=== Provided data ===

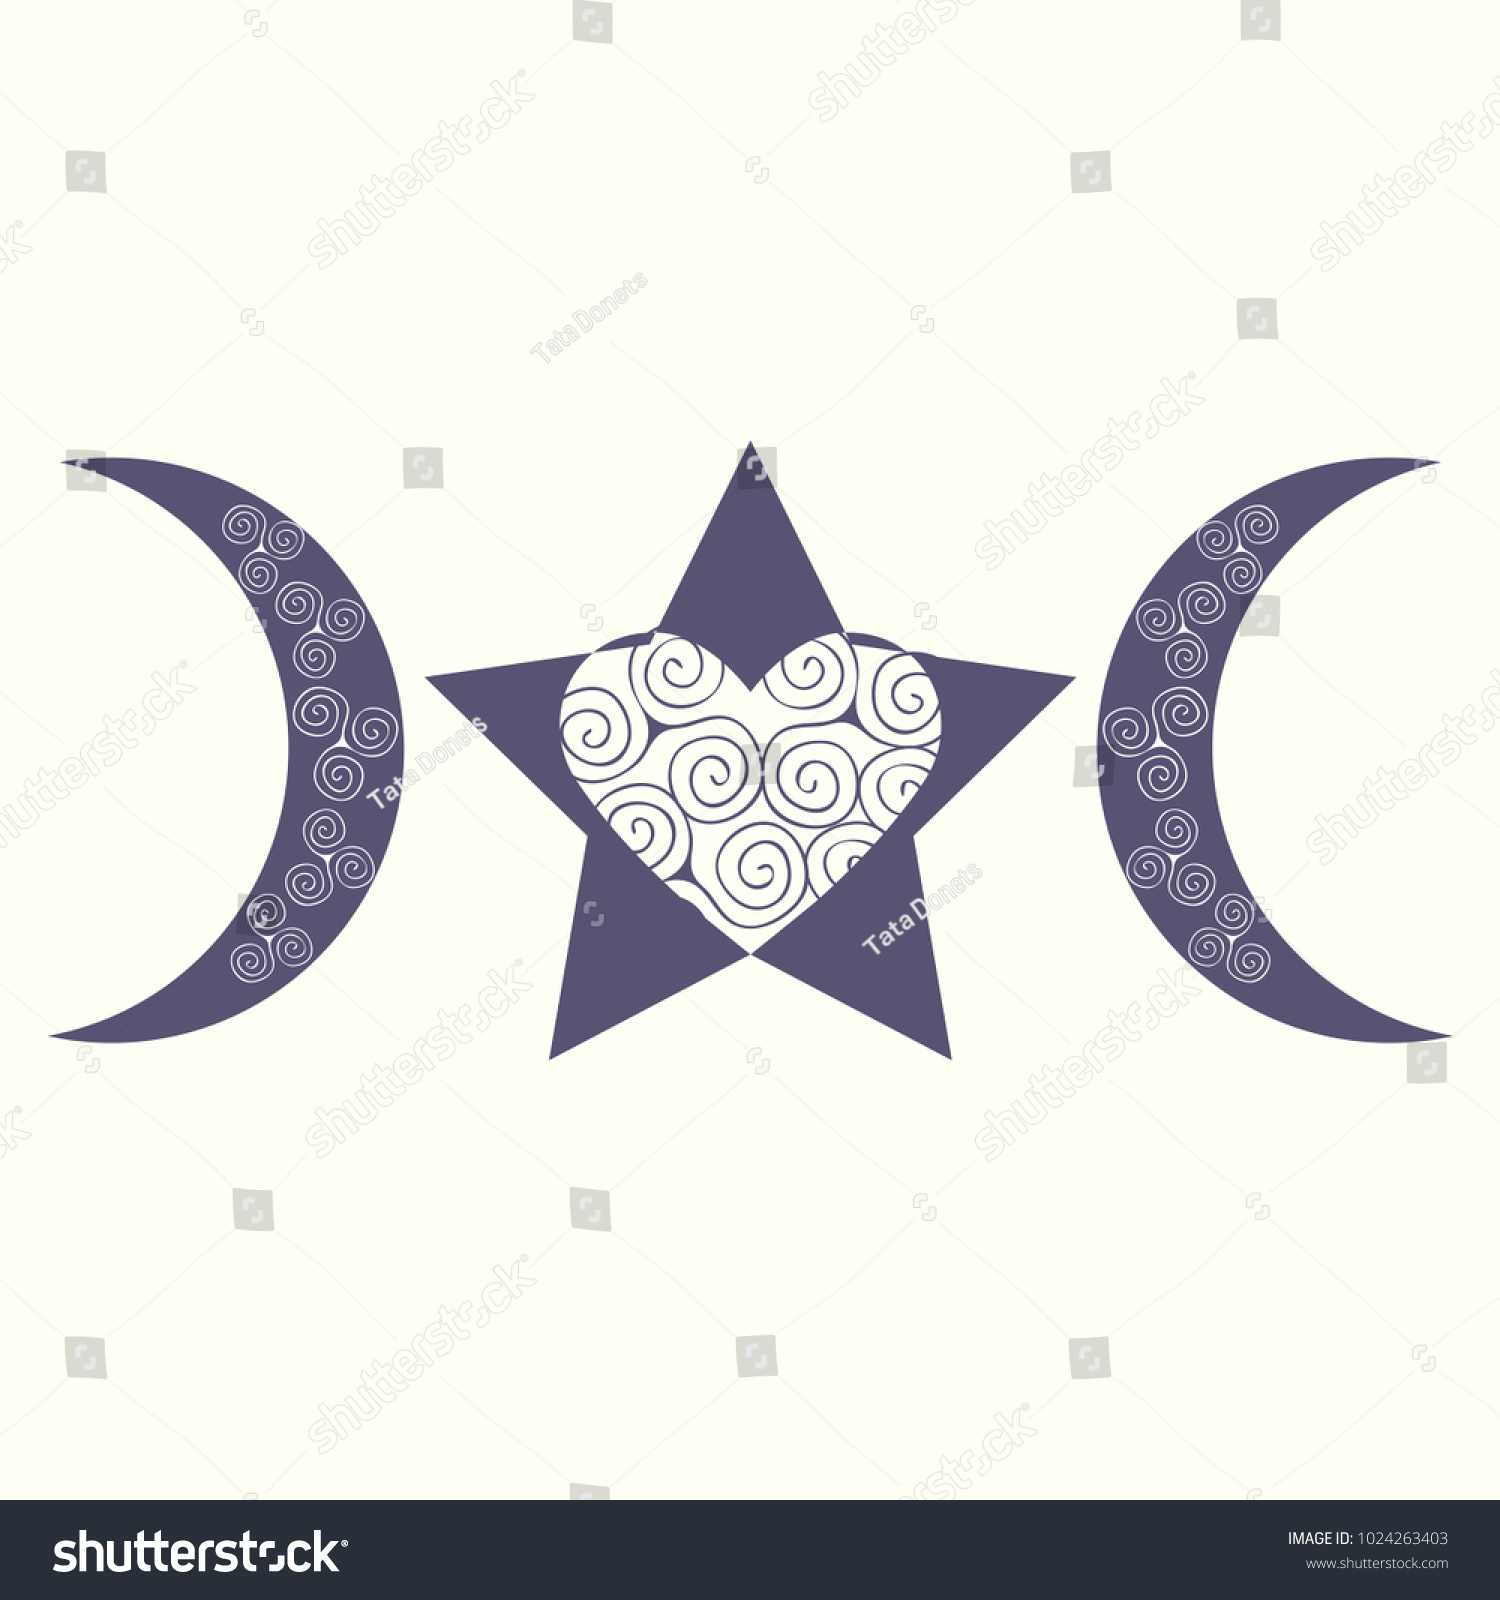 Modern Variant Spiral Triple Goddess Symbol Stock Vector Hd Royalty
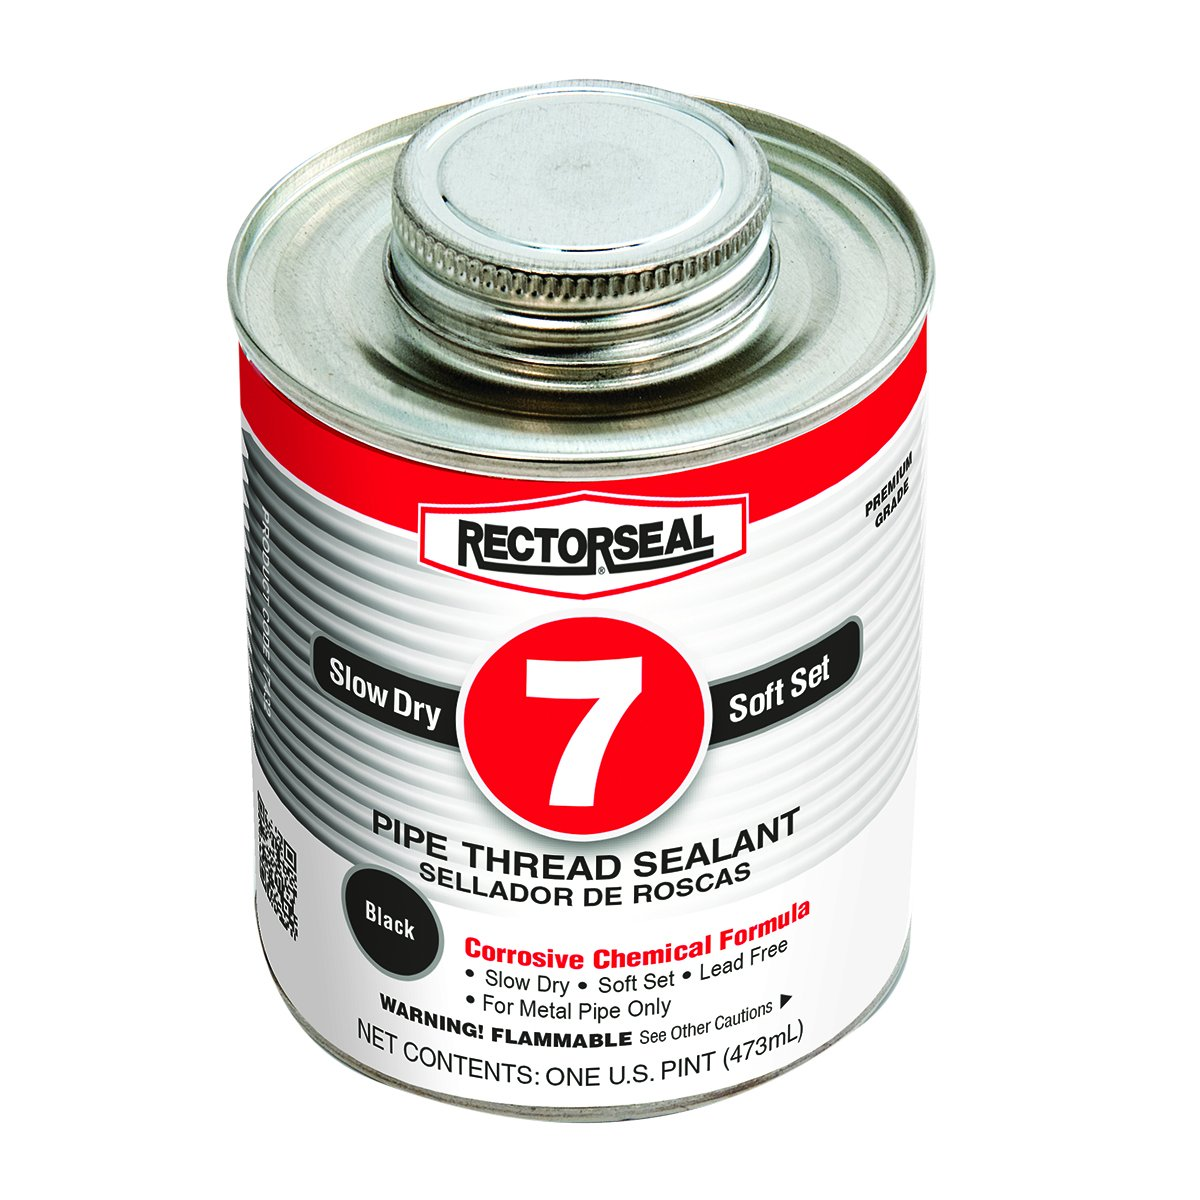 Rectorseal 17432 No. 7 Pipe Thread Sealant, 1 Pint Brush Top Can, Black
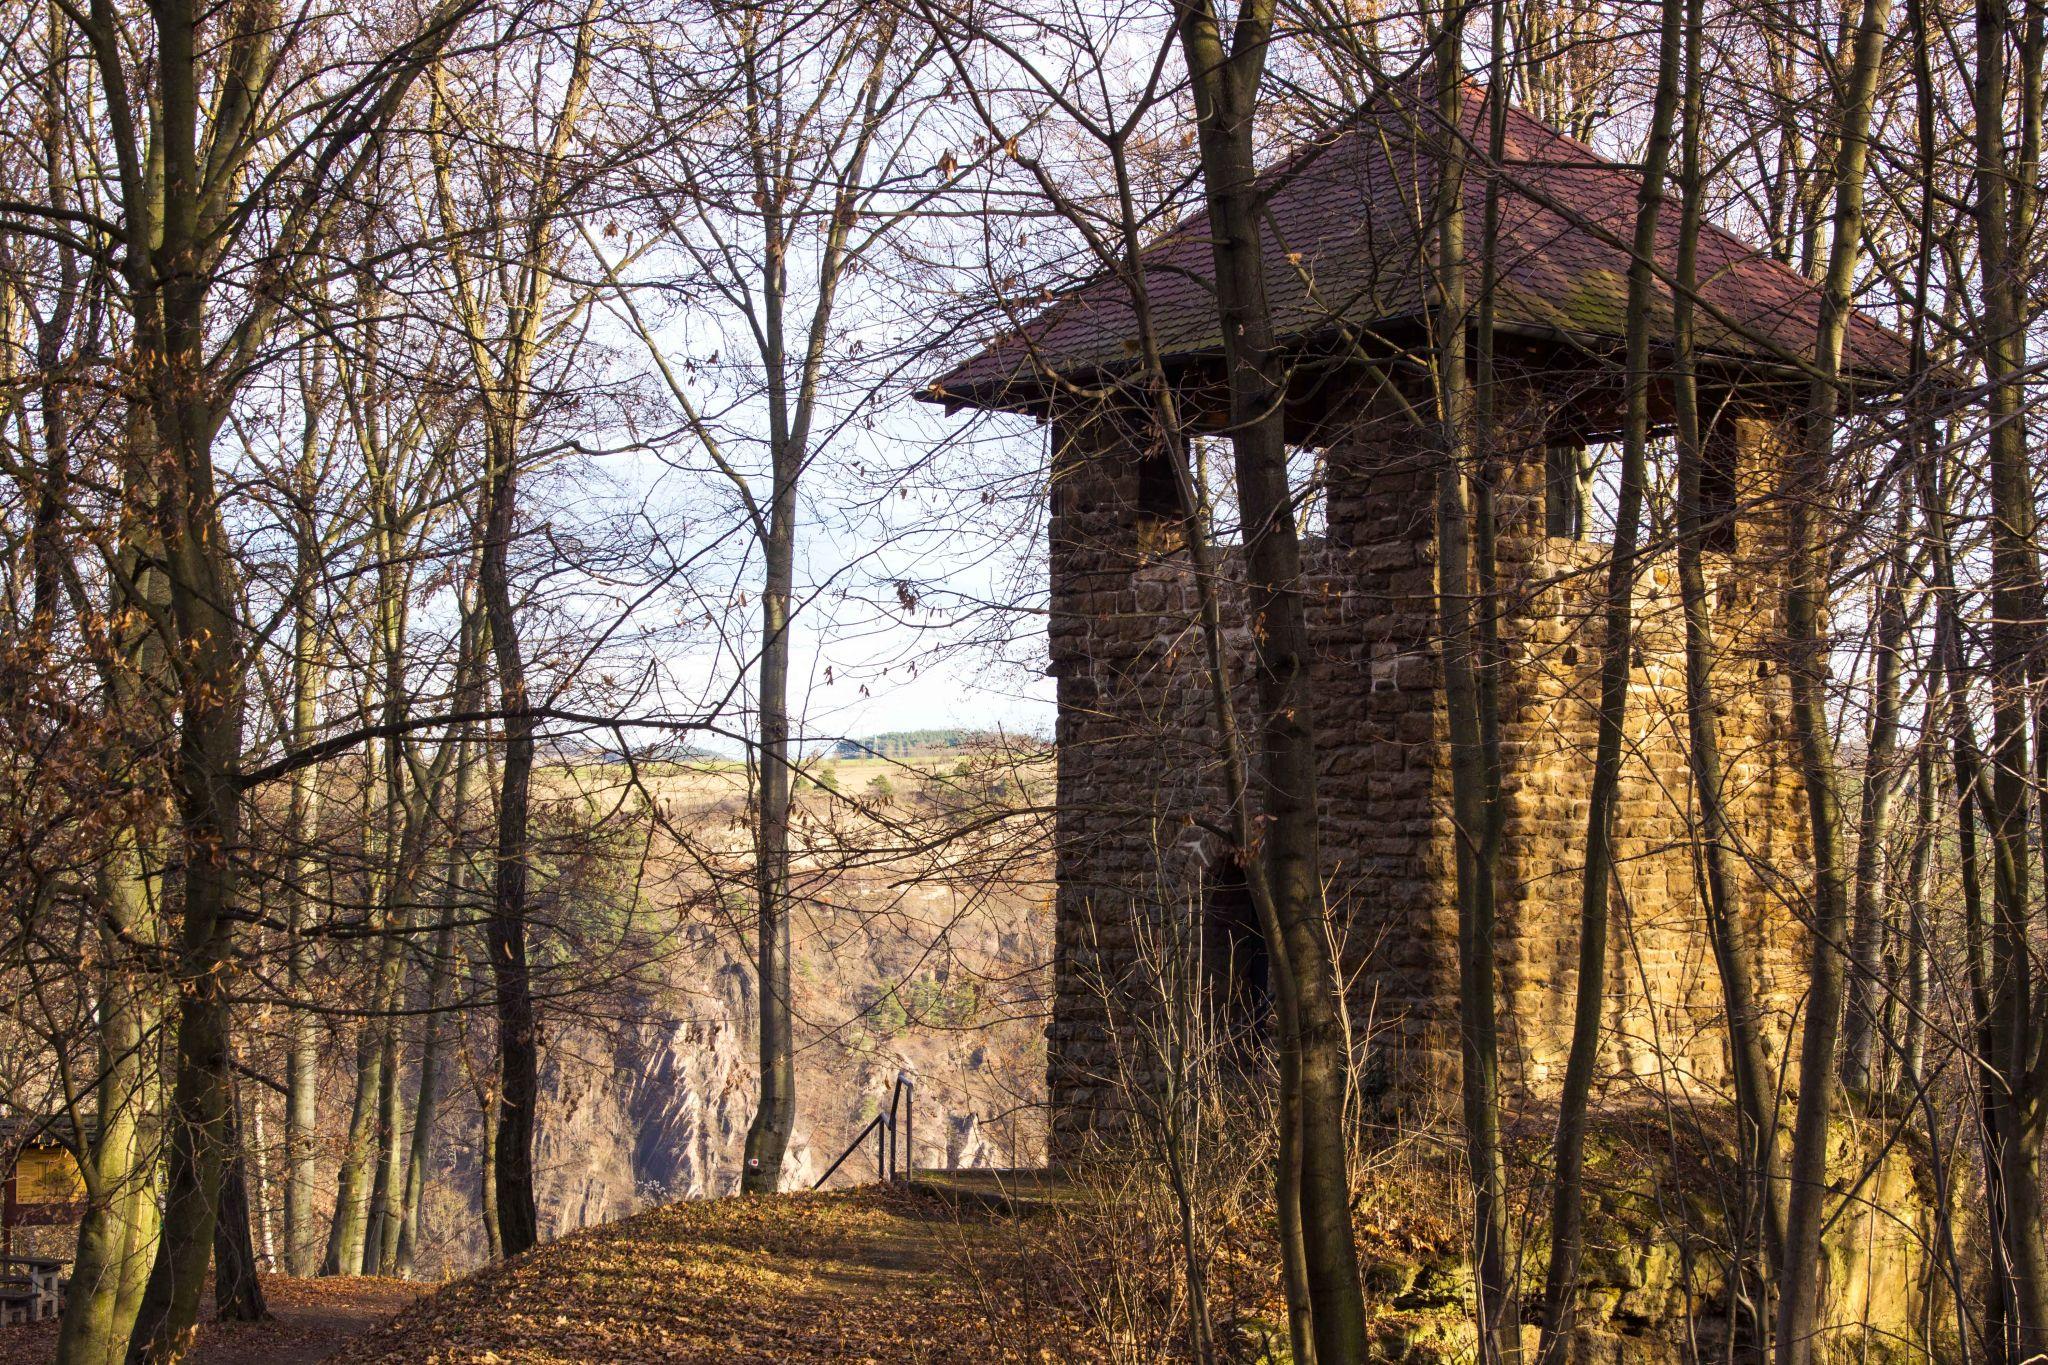 Fuchsturm, Germany

===

All of the material above is to be retyped exactly, with no pictures included.

▸ **Reply to the task**:
 Modern Variant Spiral Triple Goddess Symbol Stock Vector Hd Royalty
 Rectorseal 17432 No. 7 Pipe Thread Sealant, 1 Pint Brush Top Can, Black
 Fuchsturm, Germany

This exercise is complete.